Prince mengantarkan Zara sampai depan apartemennya Zara.
"Siaappp Tuan Prince yang tampan hehe," sahut Zara kepada Prince sambil tertawa kecil.
"Kamu menyebut aku apa tadi? coba ulangi?" Prince meminta Zara untuk mengulangi ucapannya tersebut.
"Siaaappp Tuan Prince yang tampaaaaann." Zara mengulangi ucapannya dengan menyebut Prince Tuan Prince yang tampan.
"Tuan Prince yang tampan? aku tidak mau di panggil Tuan Prince," prince protes terhadap Zara
"Lalu,mau di sebut apa?" Zara bertanya kepada Prince dengan wajah bingung.
"Panggil aku sayang...Sayangku yang tampan...Coba panggil sekarang," pinta Prince kepada Zara dengan memaksa.
"Siaaappp sayaaangku yang Tampan sejagat rayaaaa hehehe."
Zara mengikuti keinginan Prince untuk memanggilnya sayang sambil tertawa lucu.
"Haduh,suara kamu itu bikin aku pengen nyubit tahu gak," prince merasa gemas mendengar suara Zara yang memanggilnya dengan sebutan sayangku yang tampan.
"Cubit saja kalau bisa weeee," zara meledek Prince dengan menjulurkan lidahnya.
"Beneran? Sini aku cubit kamu," prince hendak mencubit kedua pipi Zara yang menggemaskan,namun Zara dengan cepat malah menutup pintu apartemennya supaya Prince tidak bisa mencubit kedua pipinya.
"Bruuuggg.... Hahahaha... memangnya enak Kak Prince gak bisa nyubit aku hahahaha."
Zara tertawa lucu ketika melihat Prince tidak bisa mencubit kedua pipinya,karena Zara menutup pintu apartemenya dan meninggalkan Prince di luar pintu.
"Hey... kamu berani ya mempermainkan aku... awasss saja nanti aku pasti akan mencubit kamu sampai kamu menangis..."
Prince meledek Zara sambil berteriak dari luar pintu apartemennya Zara sambil Prince tersenyum lucu.
"Kalau begitu Zara tidak mau lagi bertemu dengan Kak Prince,nanti yang ada wajah Zara tidak cantik lagi kalau sampai di cubit oleh Kak Prince." Zara mengancam Prince dengan candaannya.
"Baiklah sayang,kak Prince tidak akan mencubit wajah cantik kamu asalkan kamu ke luar dulu sebentar," pinta Prince kepada Zara di luar pintu apartemen Zara.
"Tidak mau,kak Prince pulang saja sana,zara mau istirahat," sahut Zara kepada Prince dari dalam.

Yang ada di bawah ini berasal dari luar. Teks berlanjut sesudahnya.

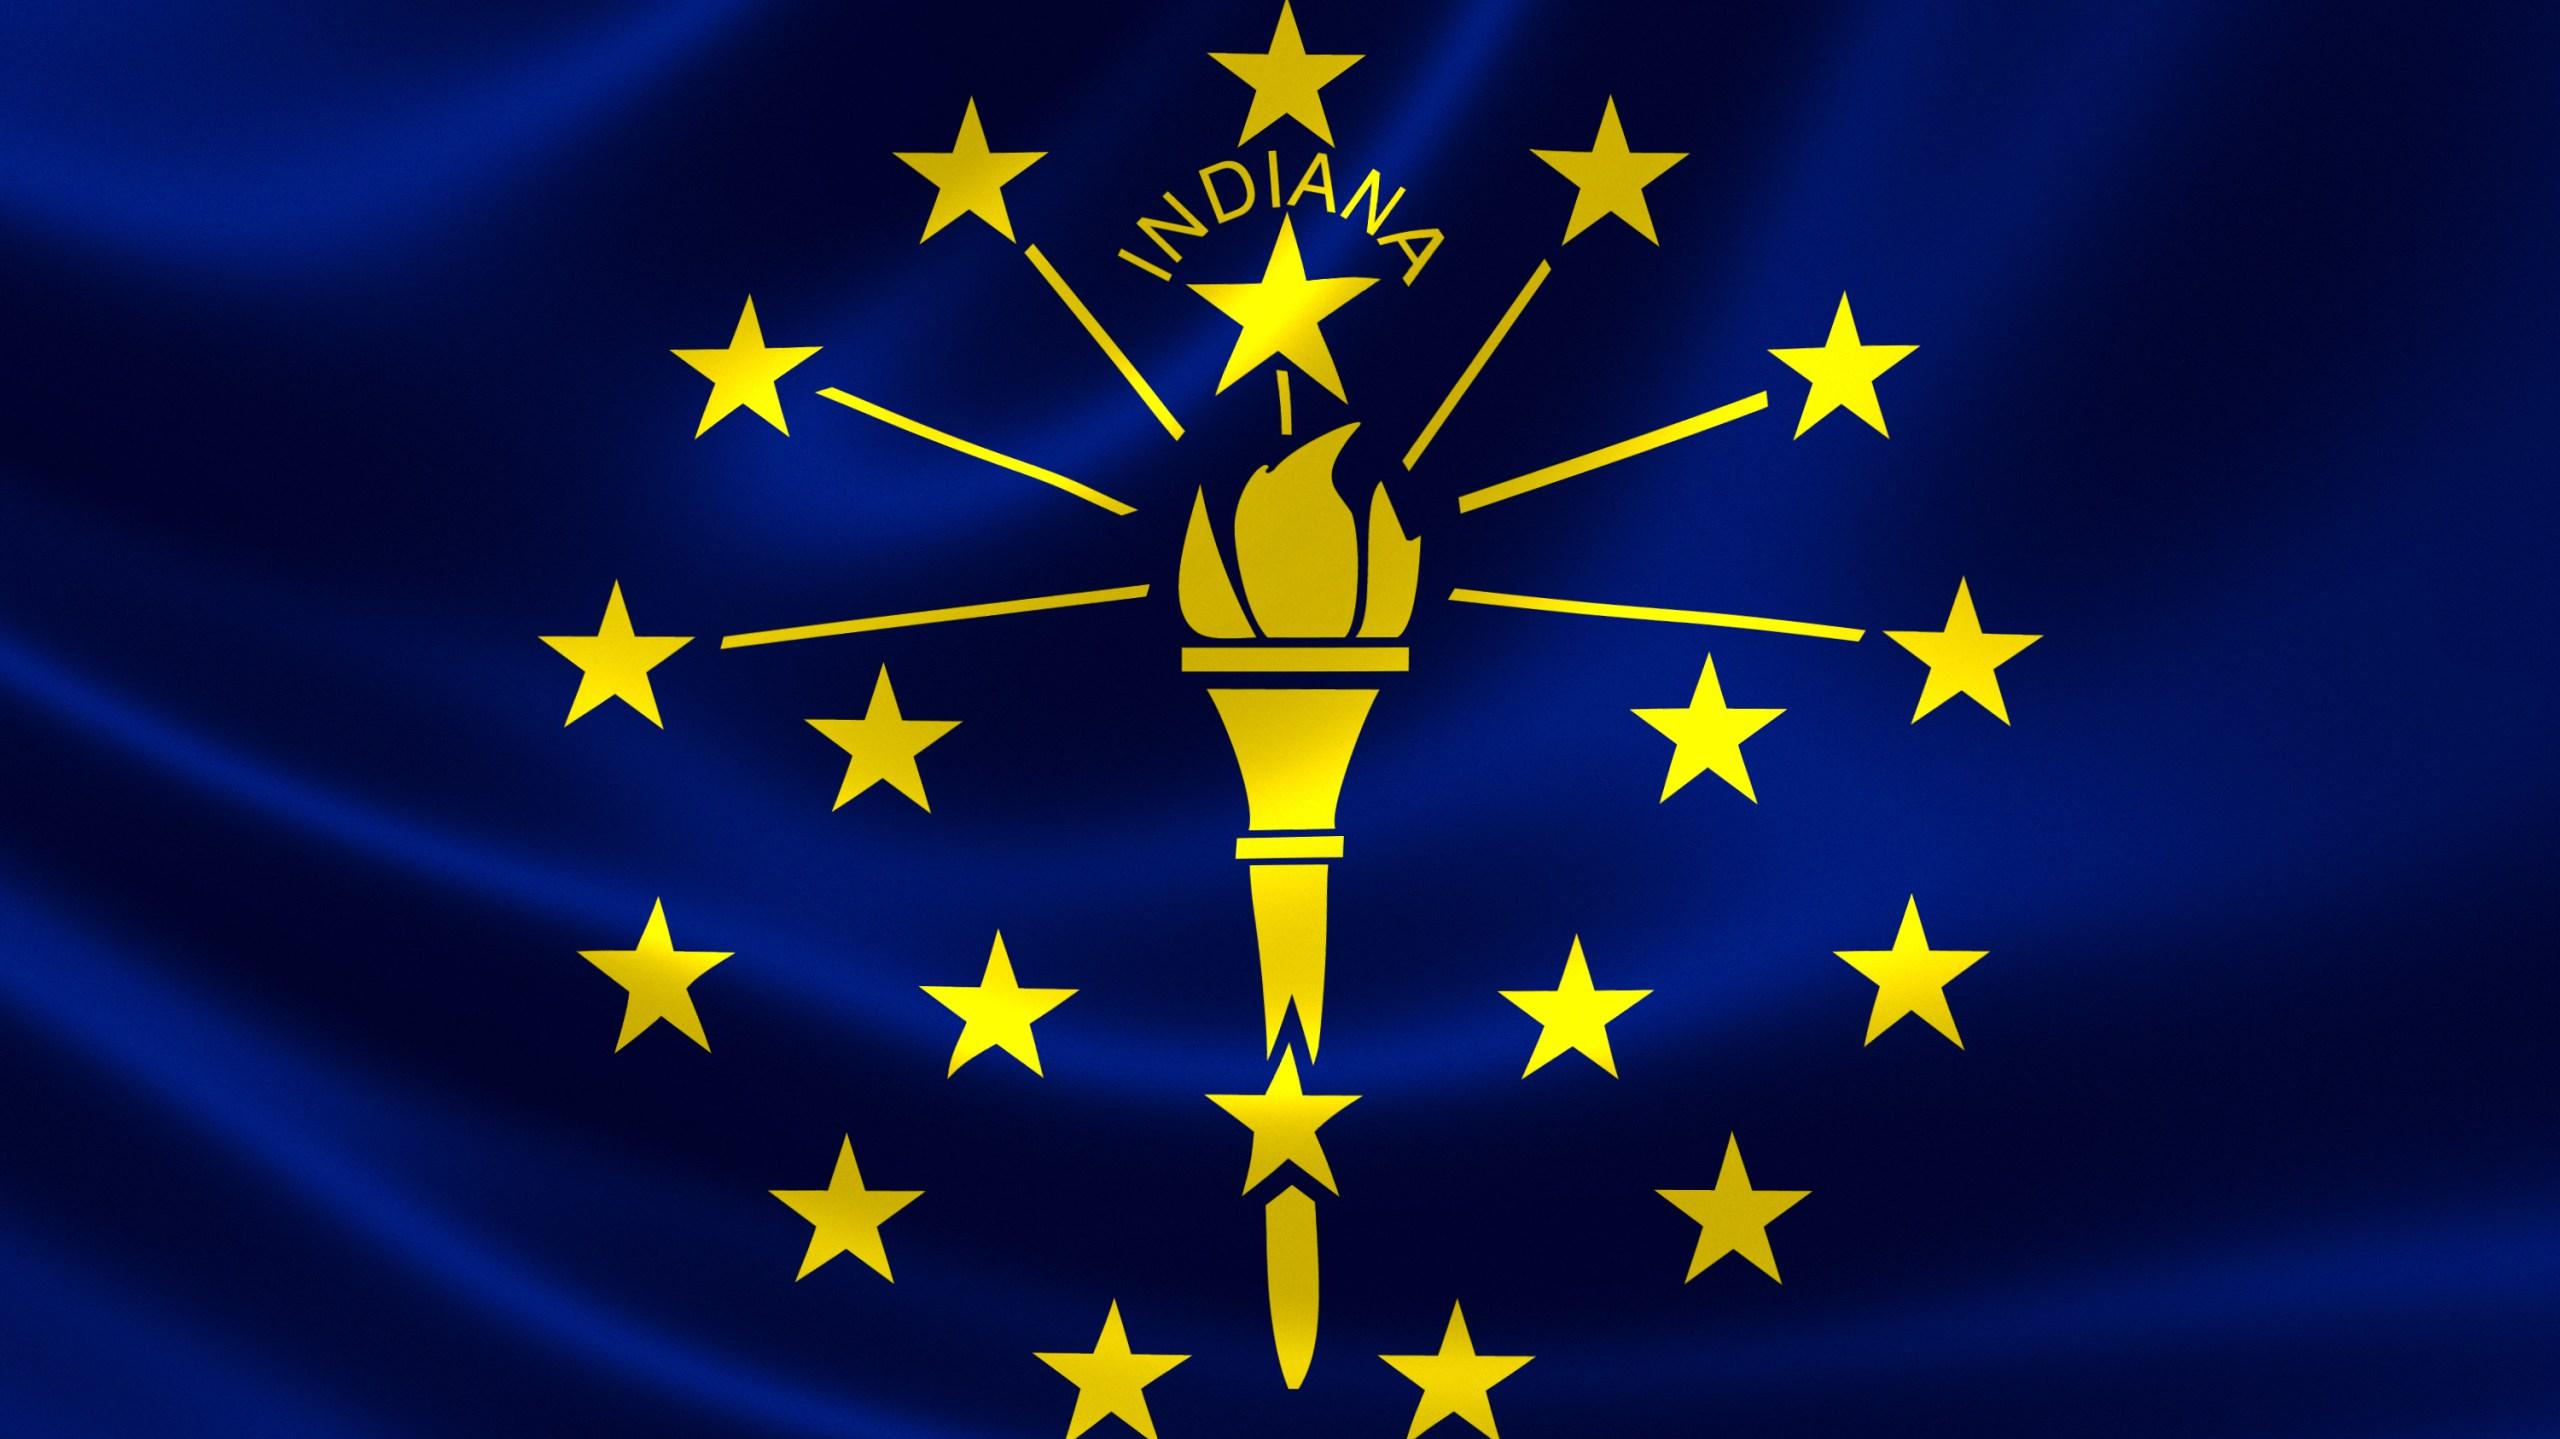 Tri State Landmarks In Indiana Awarded Grant Money For

"Tapi aku tidak mau pulang sebelum melihat wajah cantik kamu terlebih dahulu,karena aku tidak akan bisa tidur," ujar Prince kepada Zara dengan manja.
Zara yang mendengar ucapan Prince dari luar pintu apartemennya tersenyum senang ketika Prince mengatakan tidak bisa tidur jika belum melihat wajah cantk Zara.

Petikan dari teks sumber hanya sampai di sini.